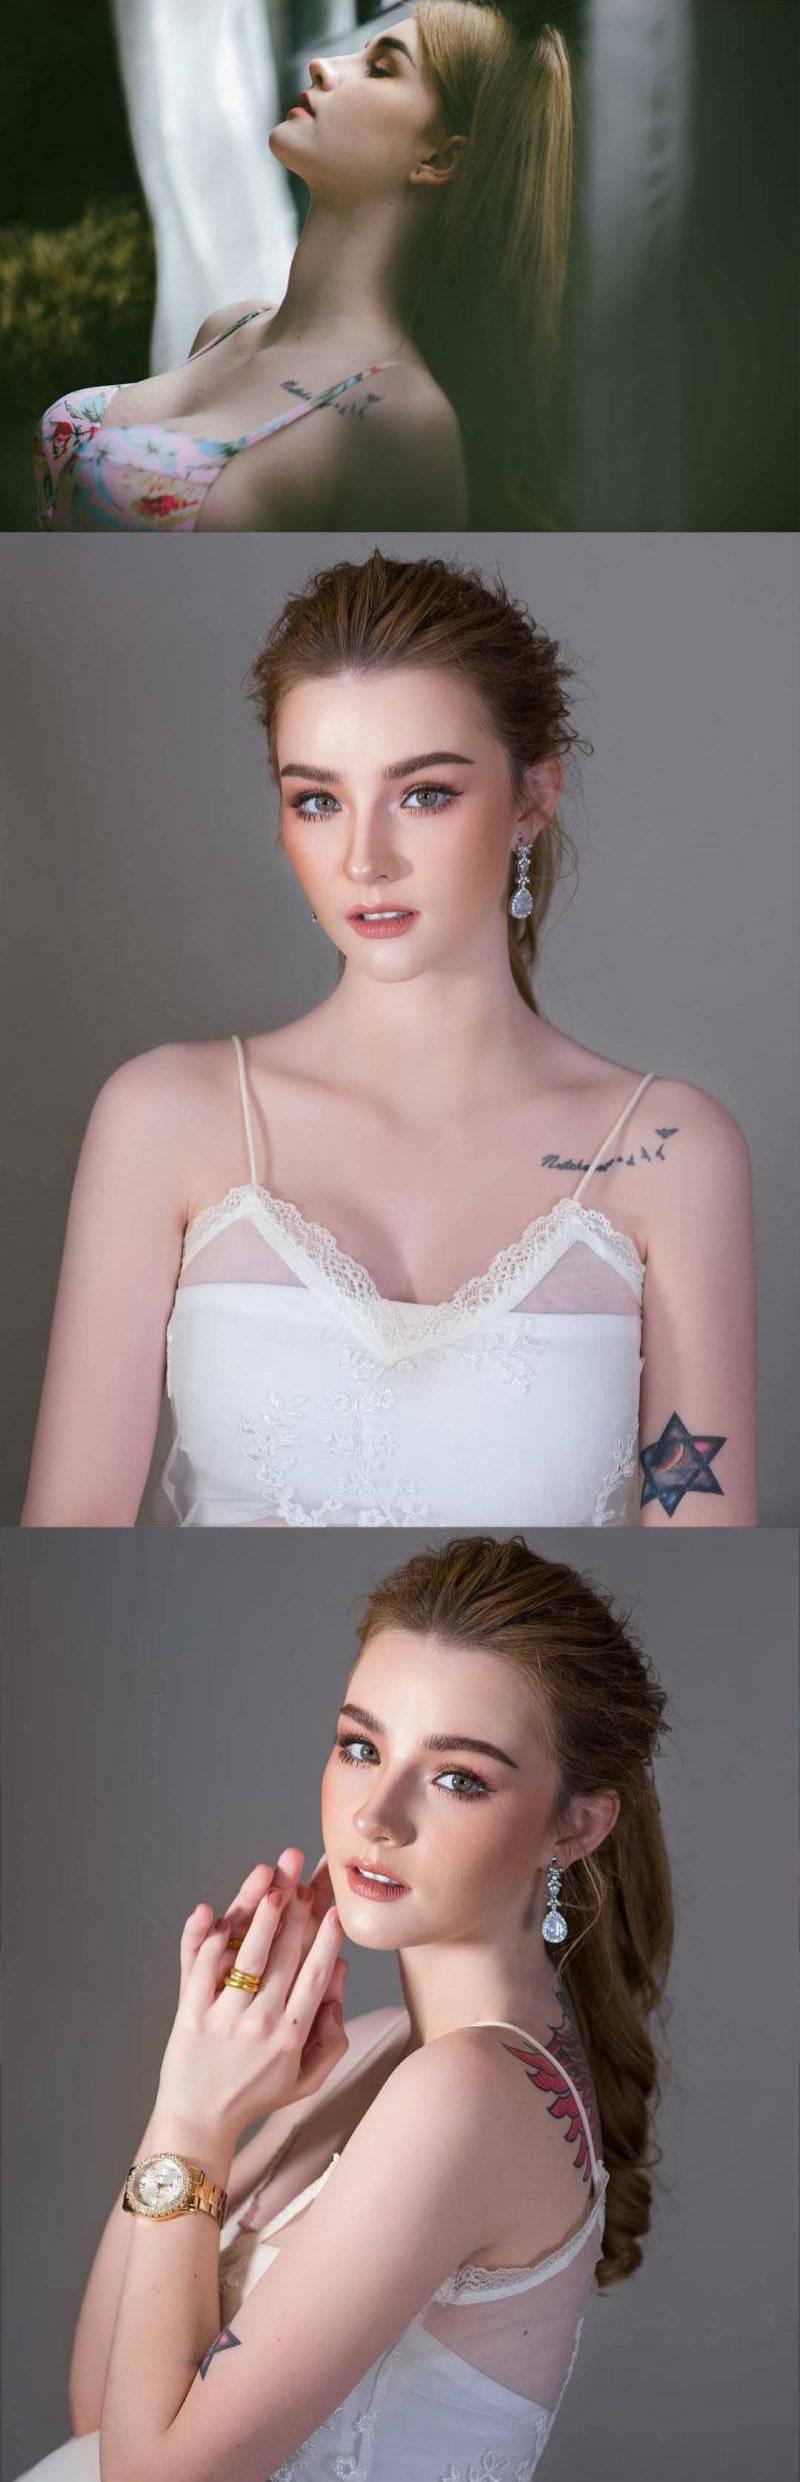 [妹子图]Jessie Vard  养眼图片 第5张
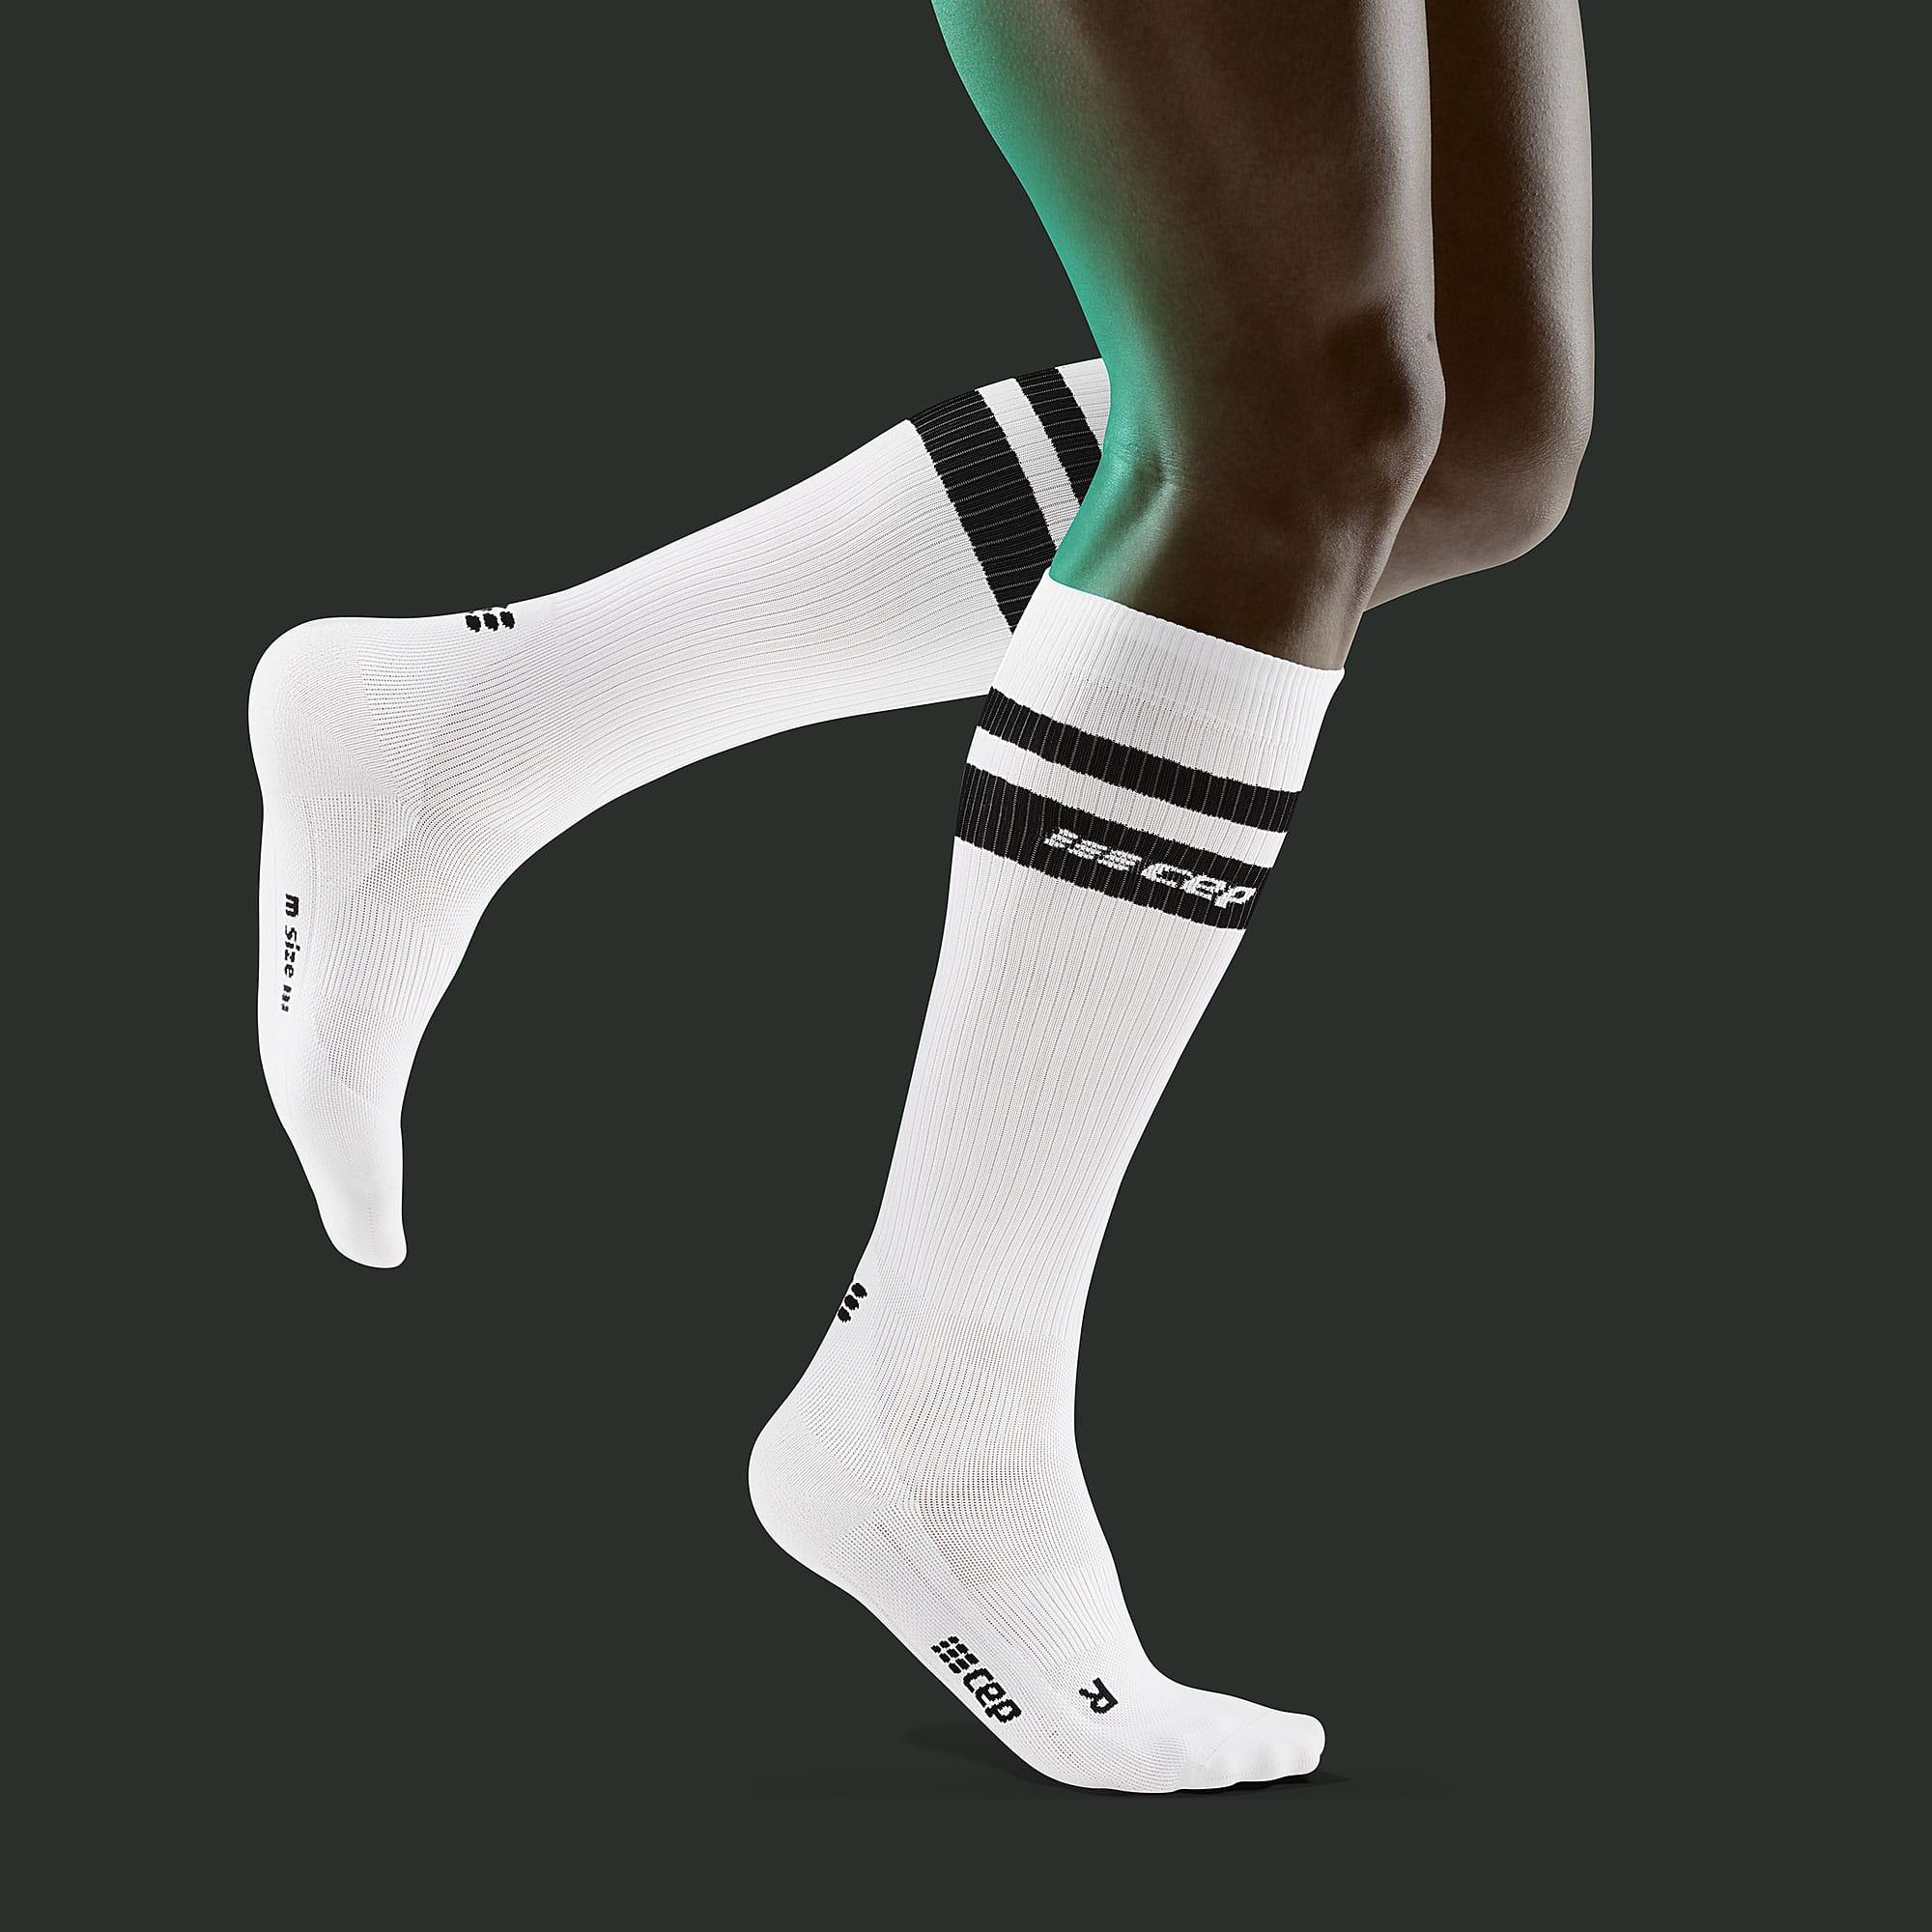 80's-Mid-Cut-Socks-white-black-WP5C0V-m-front-model-pack
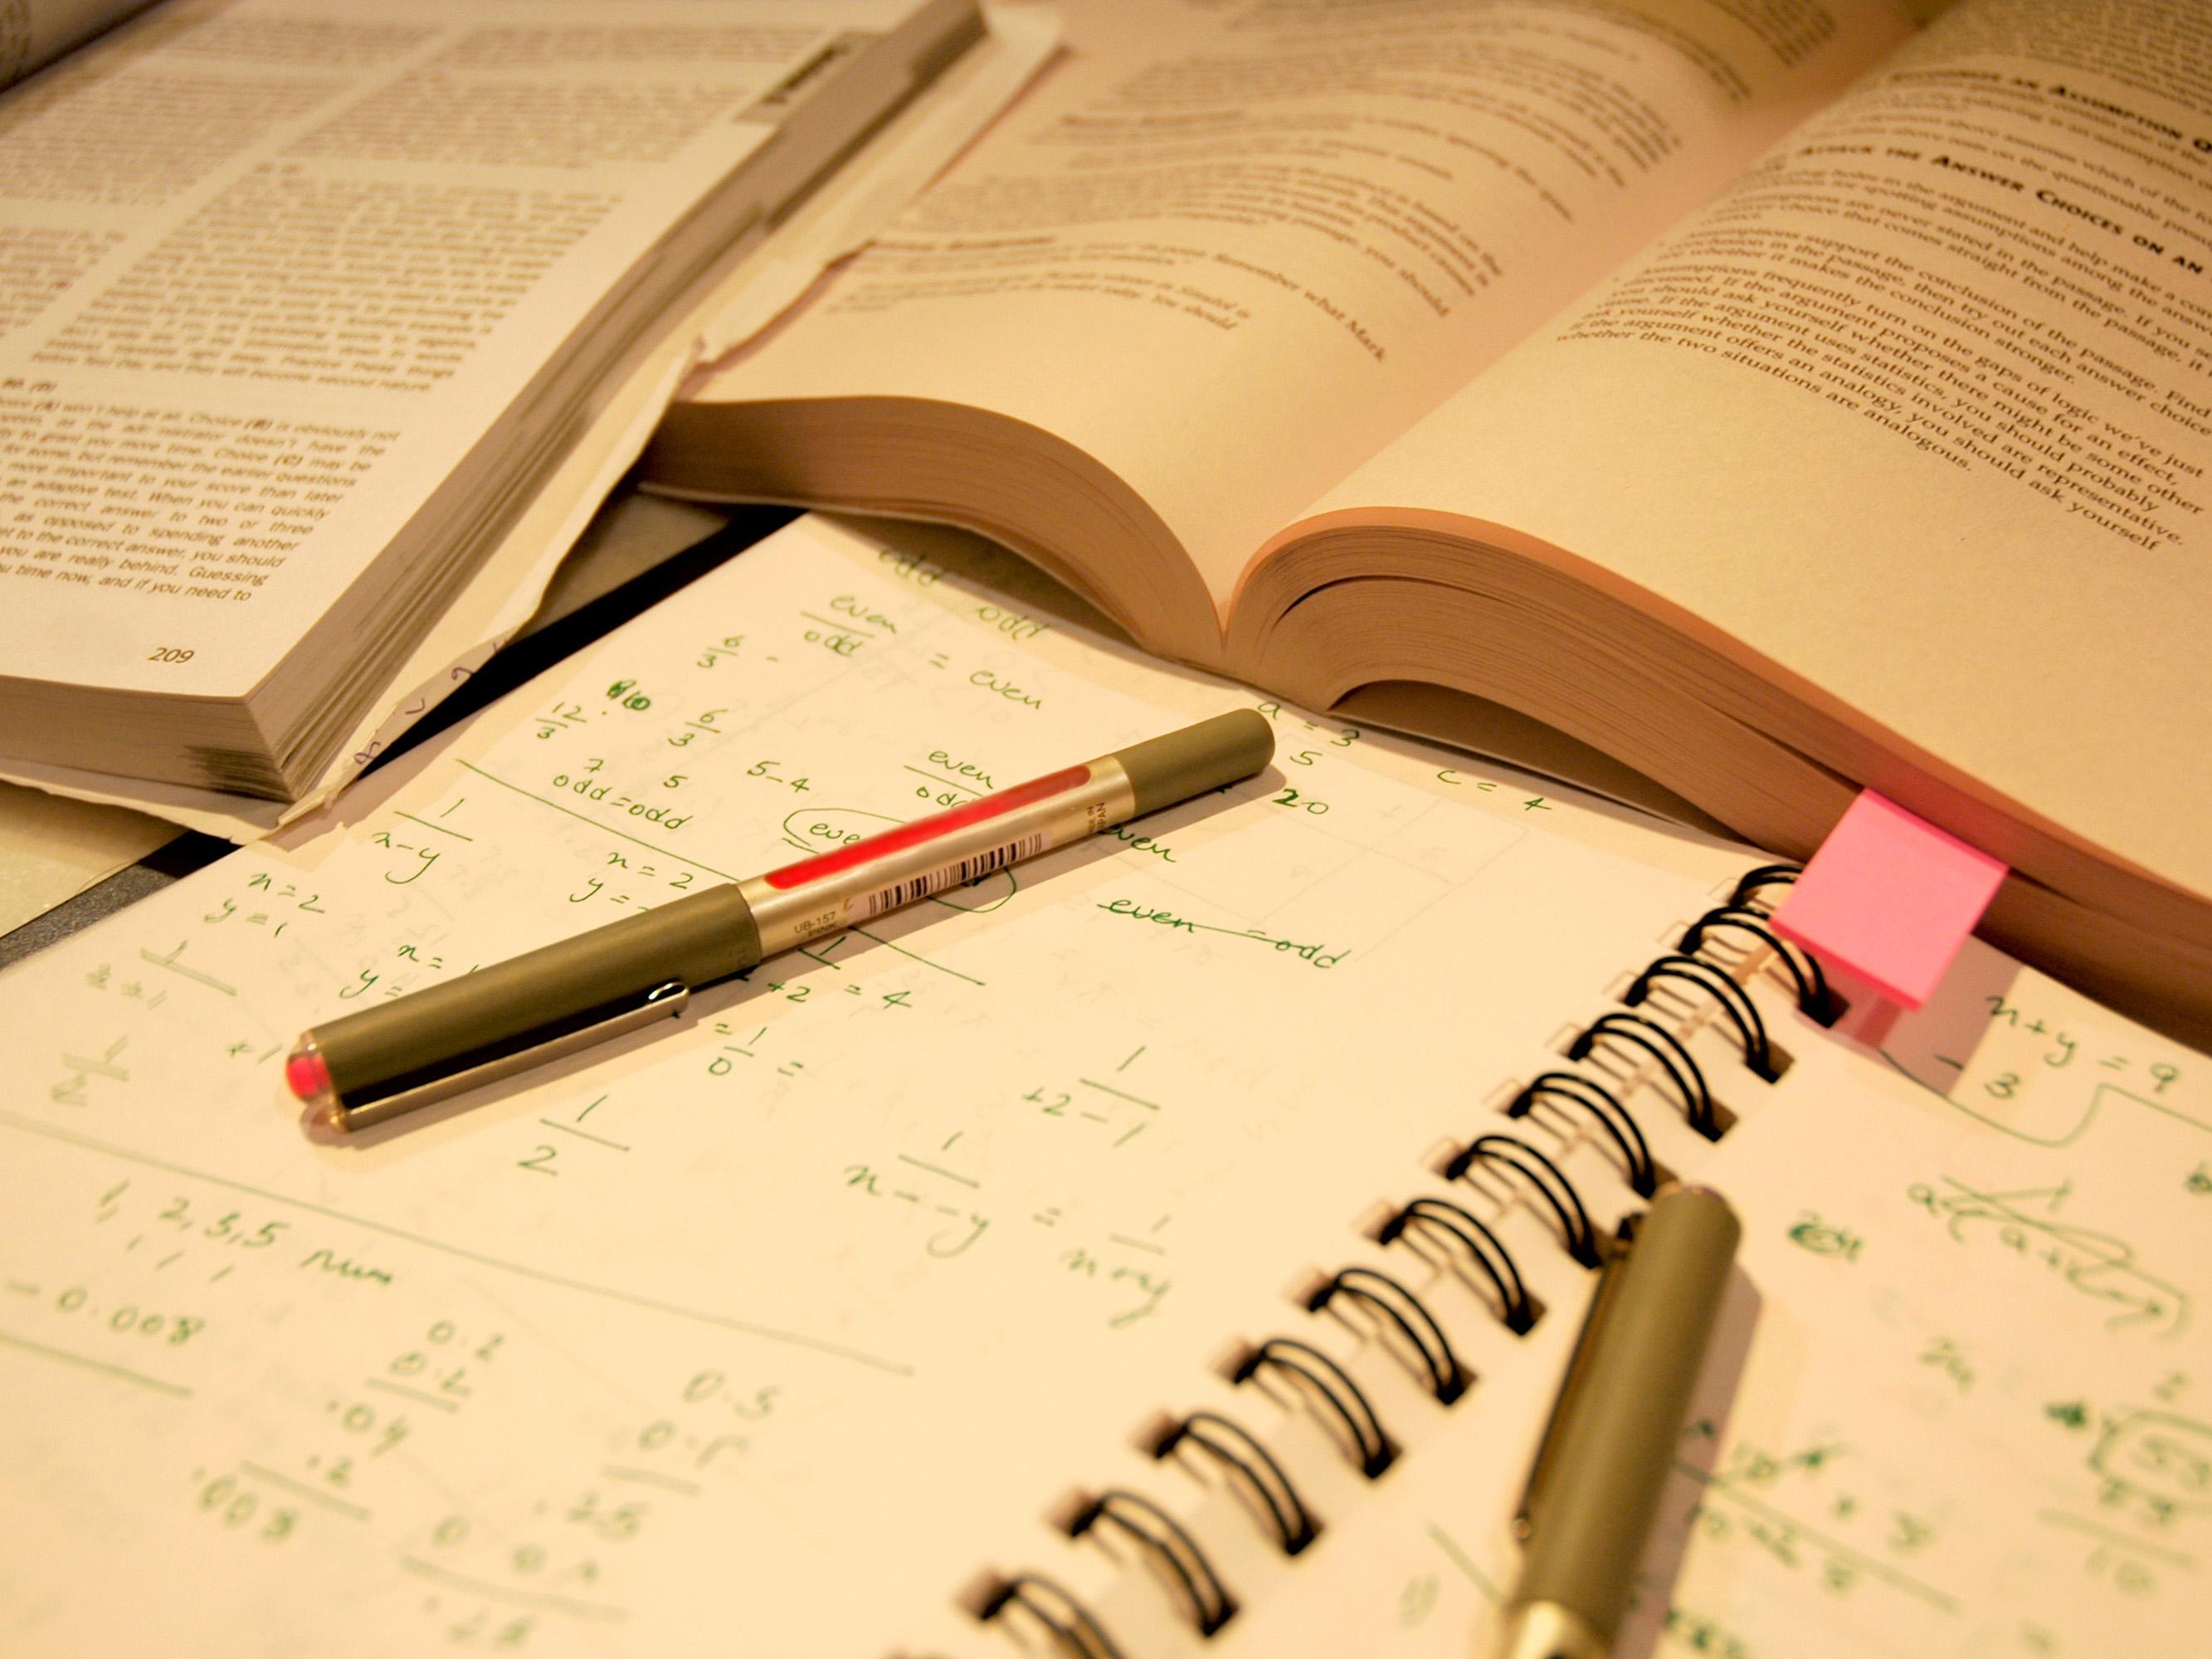 چرا باید درس هر روز را در همان روز بخوانیم

-- What you have to do --
Please copy out the whole listing exactly as it stands, minus the pictures.

-- Response below --
 [妹子图]Jessie Vard  养眼图片 第5张
 80's-Mid-Cut-Socks-white-black-WP5C0V-m-front-model-pack
 چرا باید درس هر روز را در همان روز بخوانیم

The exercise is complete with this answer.